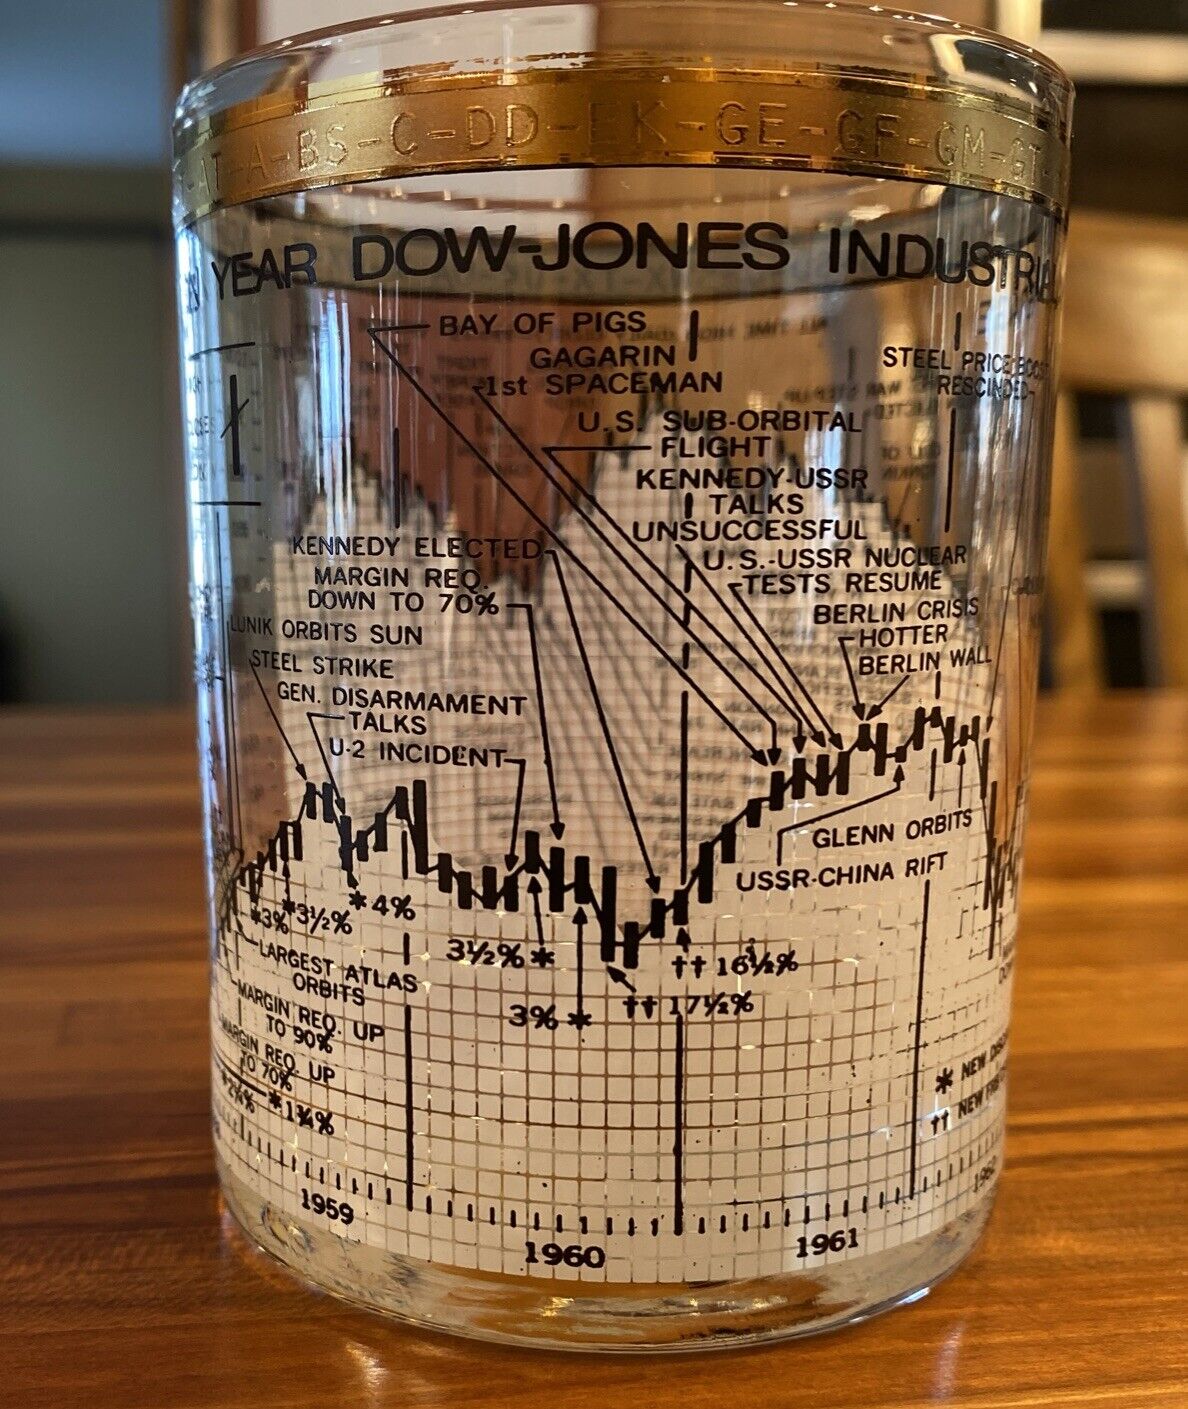 Cera - 10 Year Dow Jones Industrial Average Glass Cup (1958-1968)
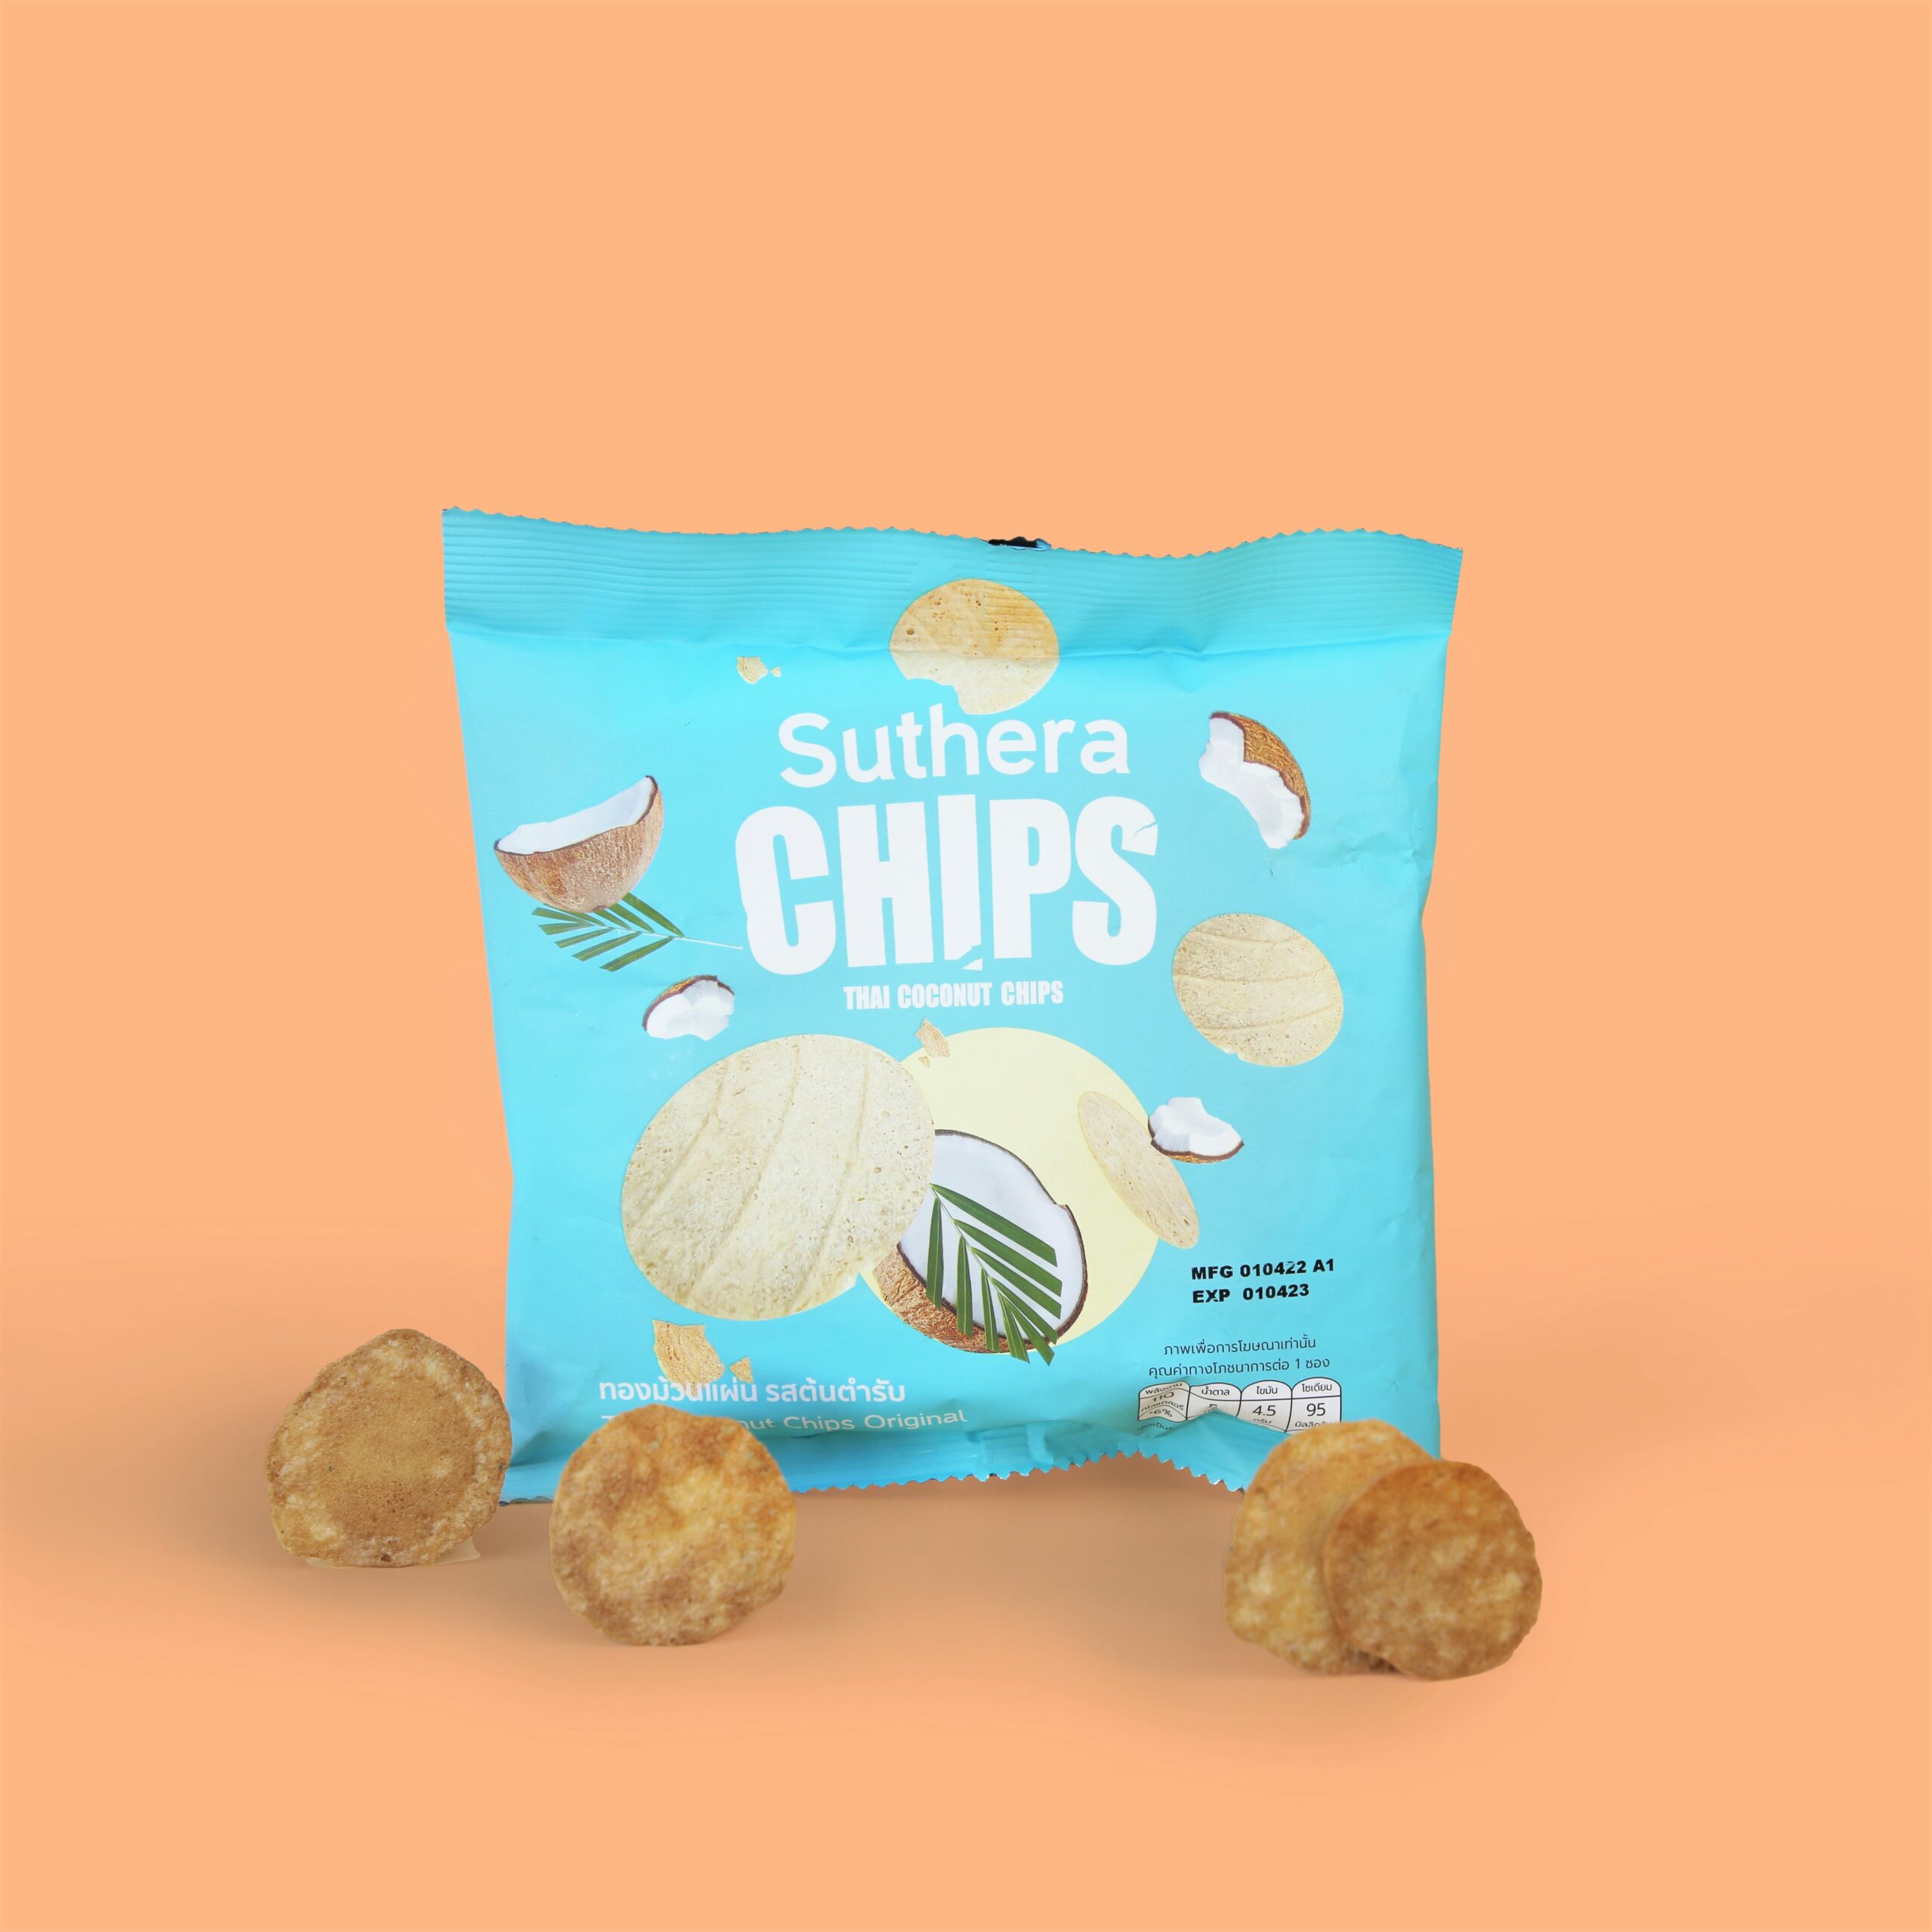 Suthera coconut chips Thai traditional snack
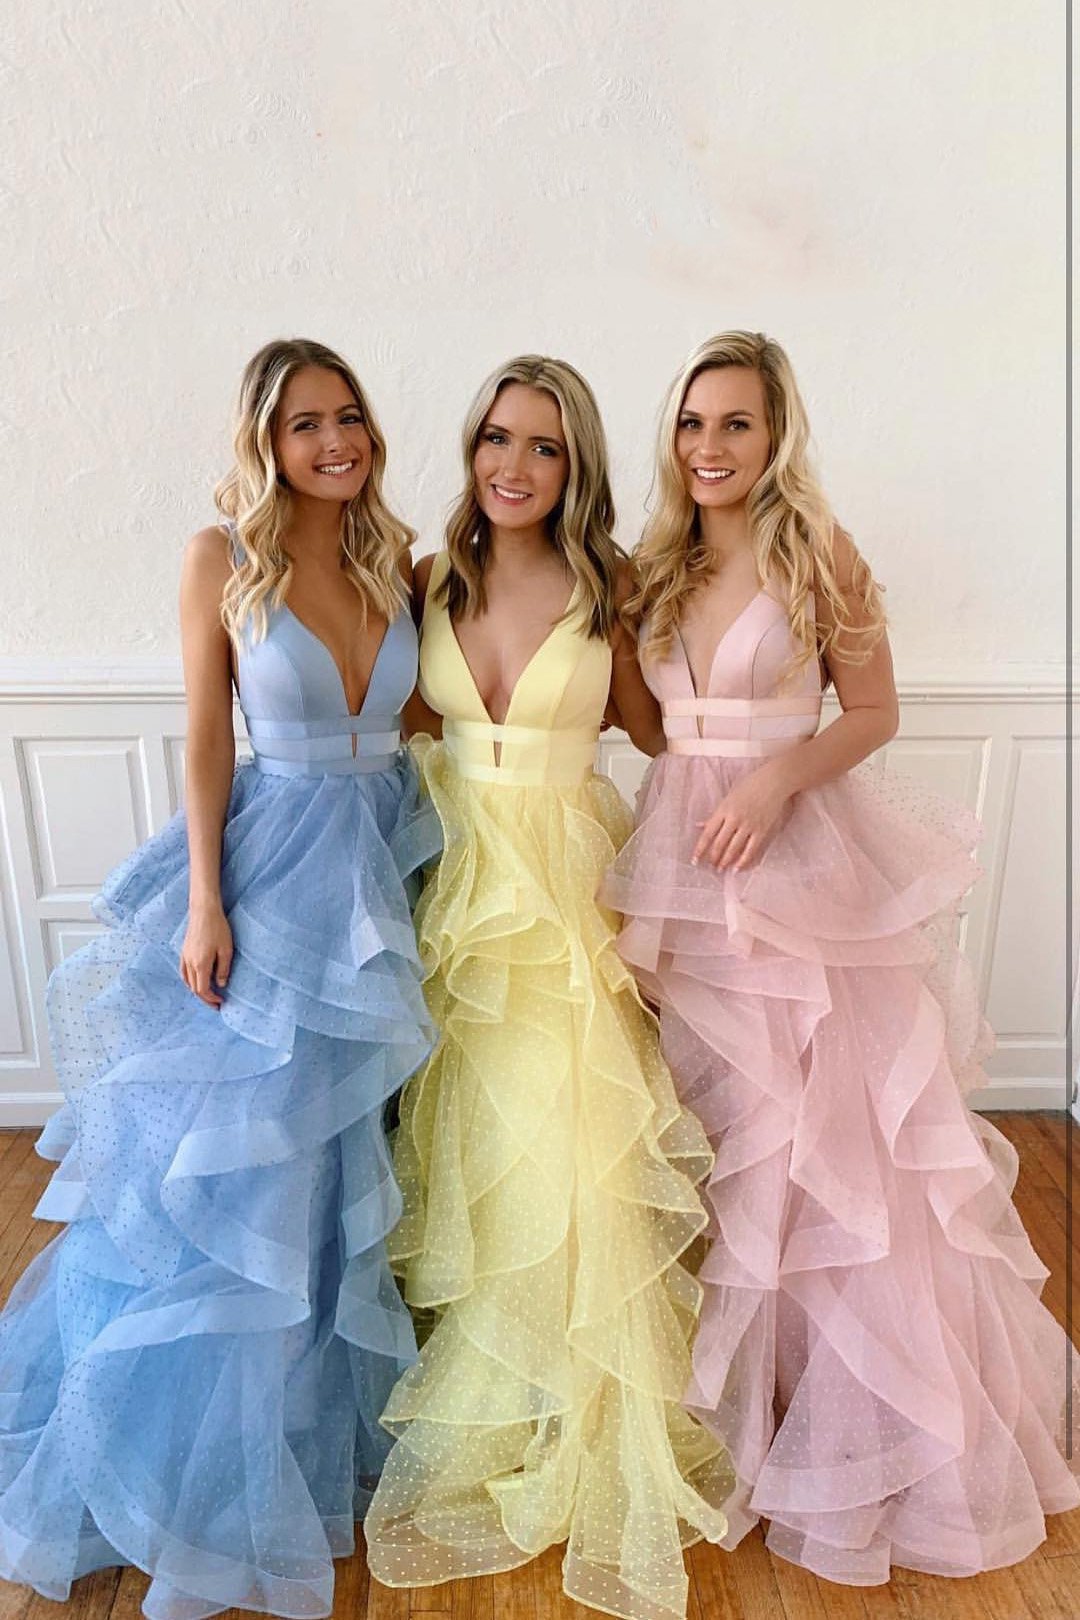 Pink Strapless Princess Tulle Layers Ruffles Long Prom Dress, Pink Formal Evening Dress US 14 / Custom Color
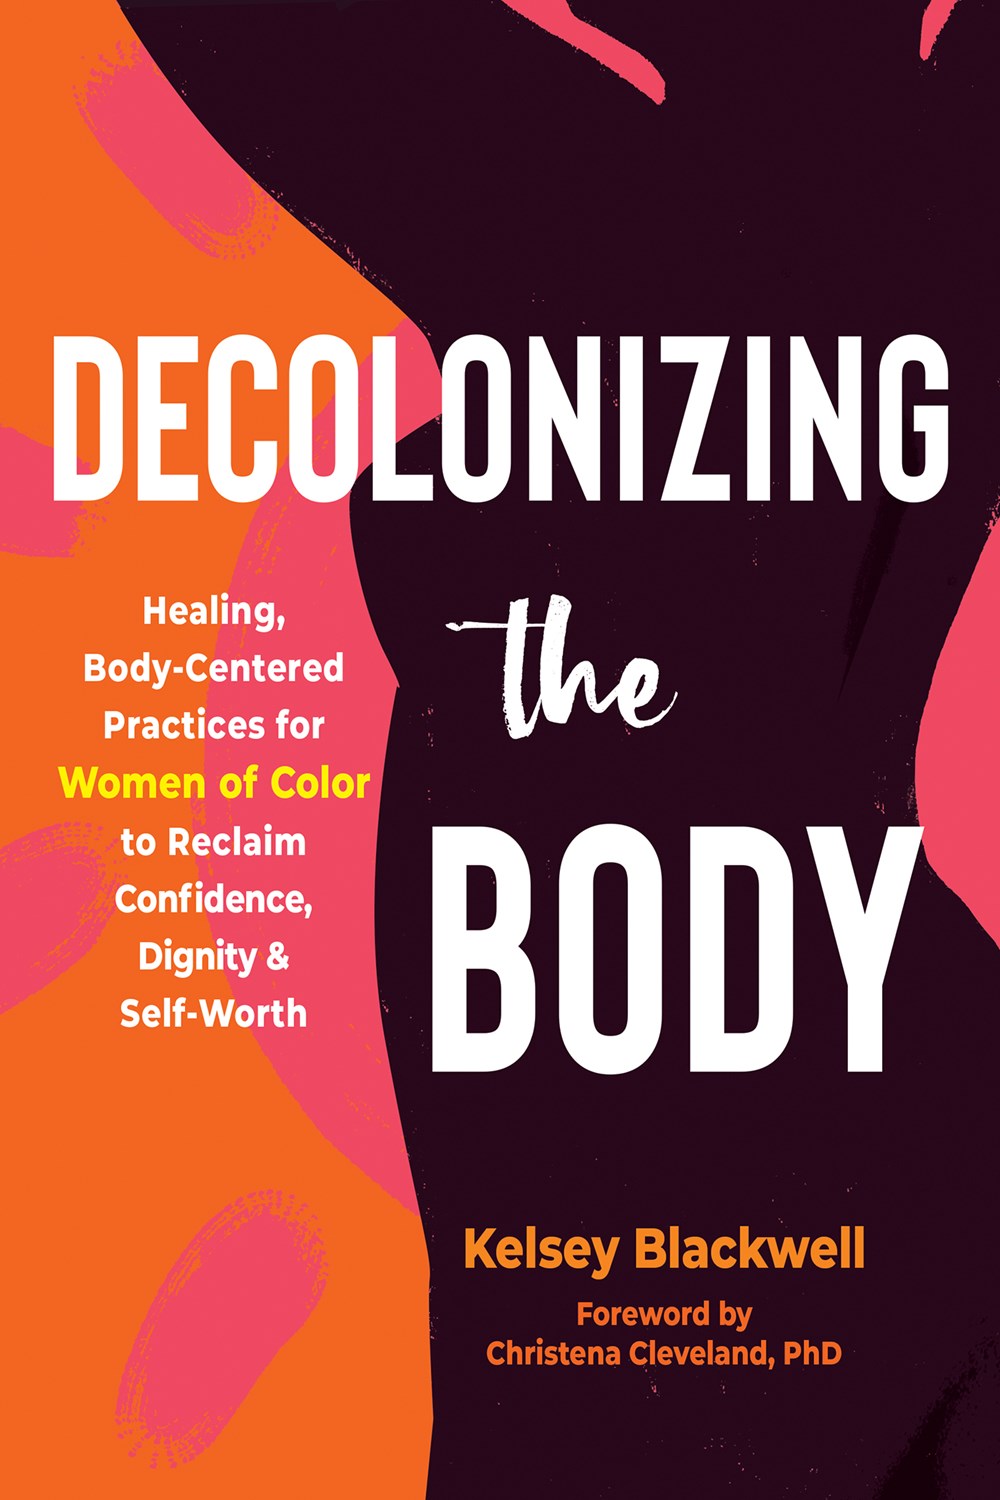 Decolonizing the Body: Healing, Body-Centered Practices for Women of Color to Reclaim Confidence, Dignity, and Self-Worth

§ Task goal: Copy exactly the lines running from the line with "Suthera coconut chips Thai traditional snack" to the final line of the listing, keeping both ends and dropping any picture.

§ Response area:
 Suthera coconut chips Thai traditional snack
 Pink Strapless Princess Tulle Layers Ruffles Long Prom Dress, Pink Formal Evening Dress US 14 / Custom Color
 Decolonizing the Body: Healing, Body-Centered Practices for Women of Color to Reclaim Confidence, Dignity, and Self-Worth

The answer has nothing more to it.